- You will be responsible for designing, fine-tuning, and deploying LLM-based systems for real-time use cases such as QA automation, summarization, agent assistance, and conversational insights.

- The role involves building AI agents and intelligent workflows that integrate seamlessly with CRMs, telephony systems, and ticketing platforms.

- You will work closely with product and data teams to collect, clean, and structure large volumes of chat and call data for model training, while continuously experimenting with prompt engineering, retrieval-augmented generation (RAG), and fine-tuning techniques to improve response quality and reliability.

- You will also develop evaluation pipelines and performance metrics to monitor accuracy, latency, and cost in production, and collaborate with backend engineers to deploy models at scale through optimized APIs, caching strategies, and token cost controls.

- Staying current with the evolving LLM and open-source ecosystem-including tools like LangChain, OpenAI, Anthropic, Ollama, and HuggingFace-and bringing relevant innovations into production will be a key part of the role.

- The ideal candidate brings hands-on experience with Python, PyTorch or TensorFlow, and vector databases such as Pinecone, Weaviate, or FAISS, along with a practical understanding of the full LLM lifecycle from prompt design to fine-tuning and evaluation.

- Experience building AI-driven products or internal tools-particularly in areas like chatbots, call analytics, or NLP-is highly valued.
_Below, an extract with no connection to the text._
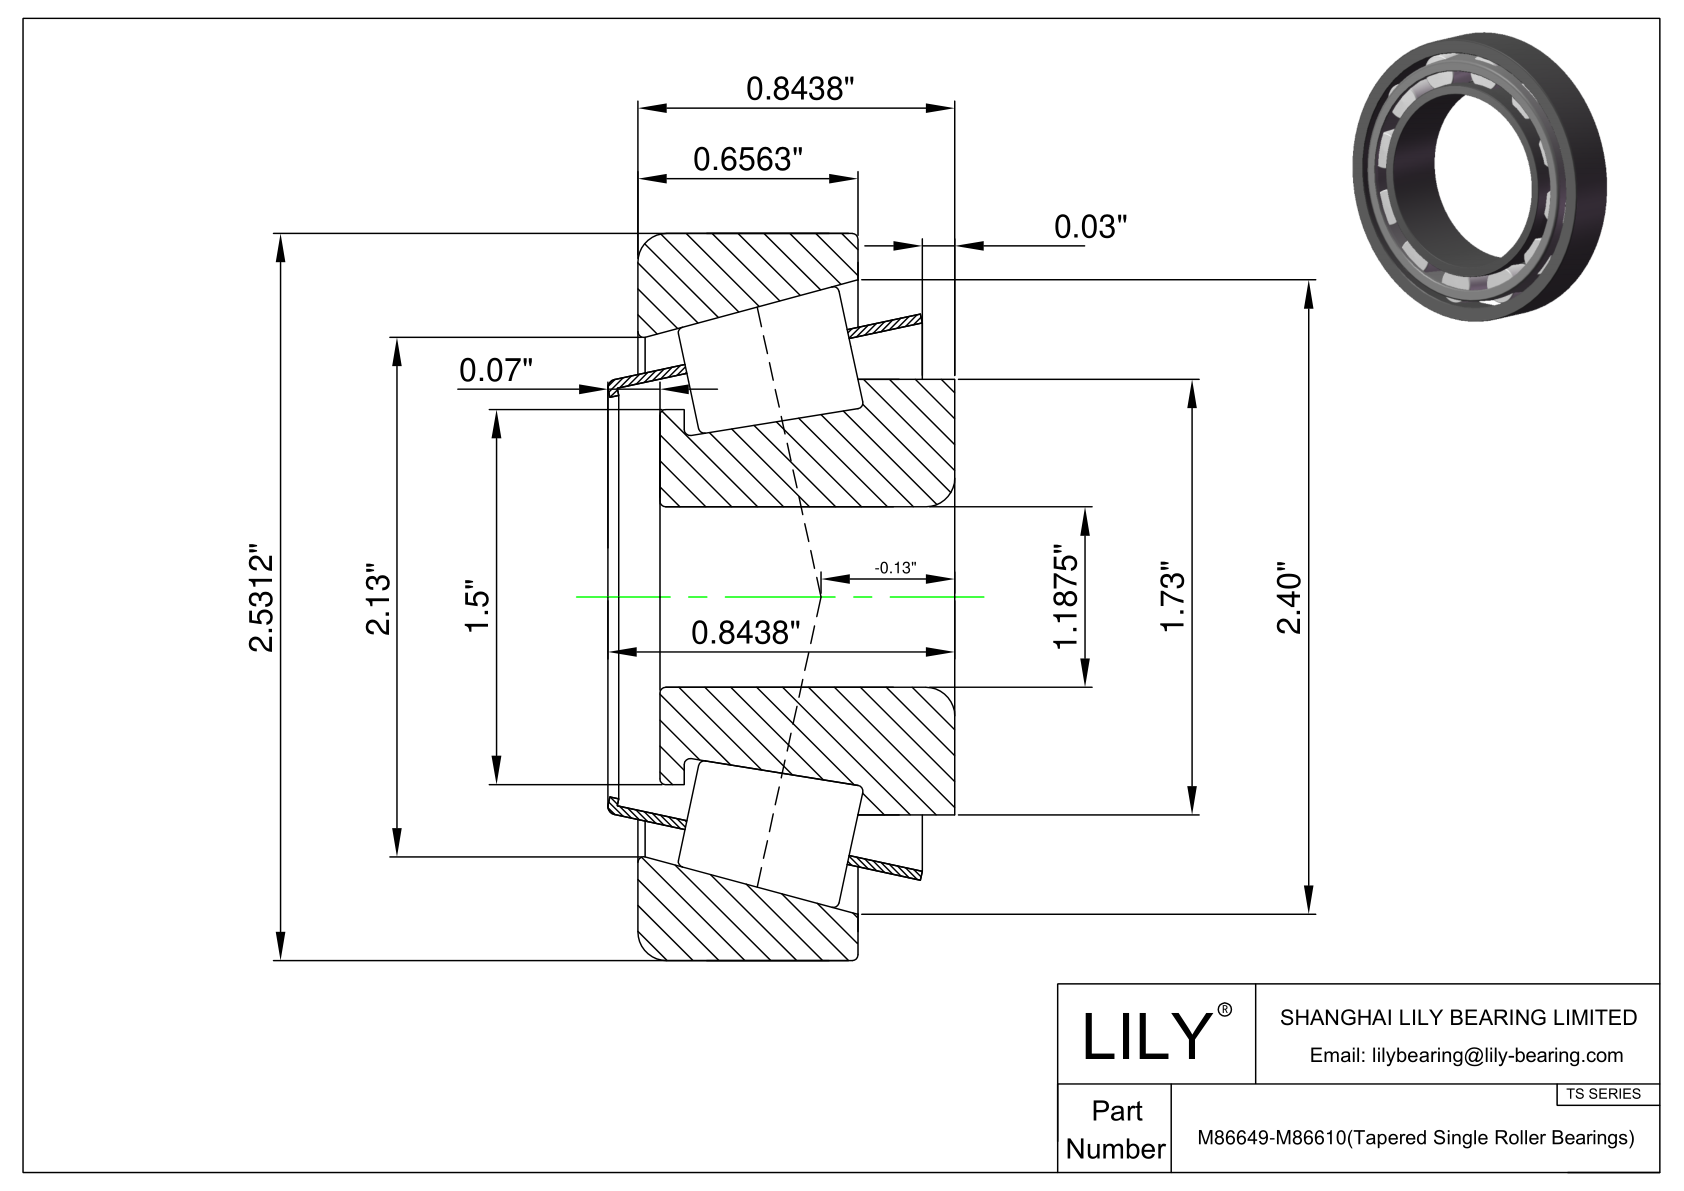 M86649-M86610 TS (Tapered Single Roller Bearings) (Imperial) cad drawing
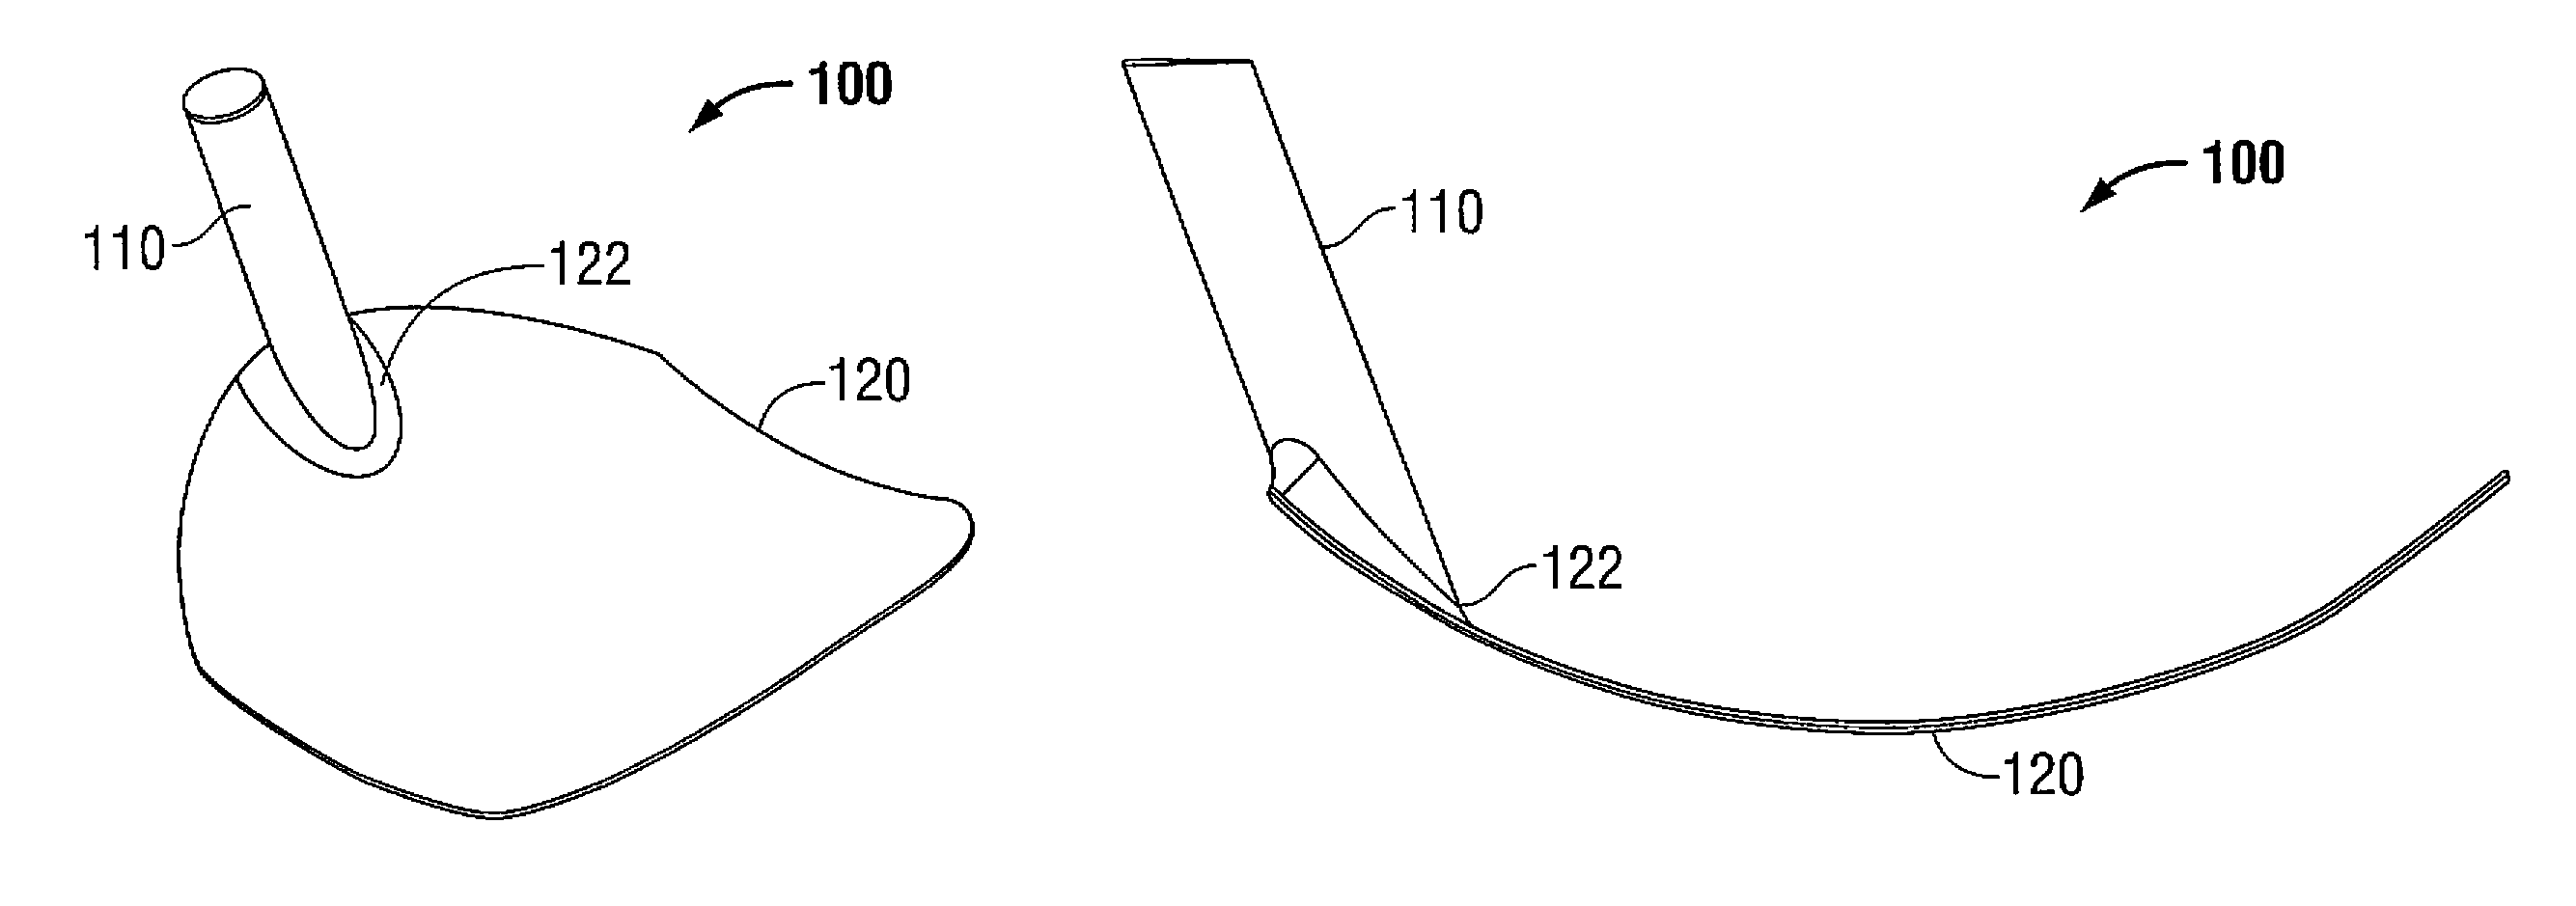 Patient support device and method for use

- You should be comfortable working with APIs, microservices, and integrations using frameworks like FastAPI or Flask, and have a solid grasp of data pipelines and MLOps tooling such as MLflow, Weights & Biases, and Docker.

- Bonus points for experience with agent frameworks like LangGraph, CrewAI, or AutoGen, or with speech-related technologies such as ASR, TTS, and voice-based QA systems.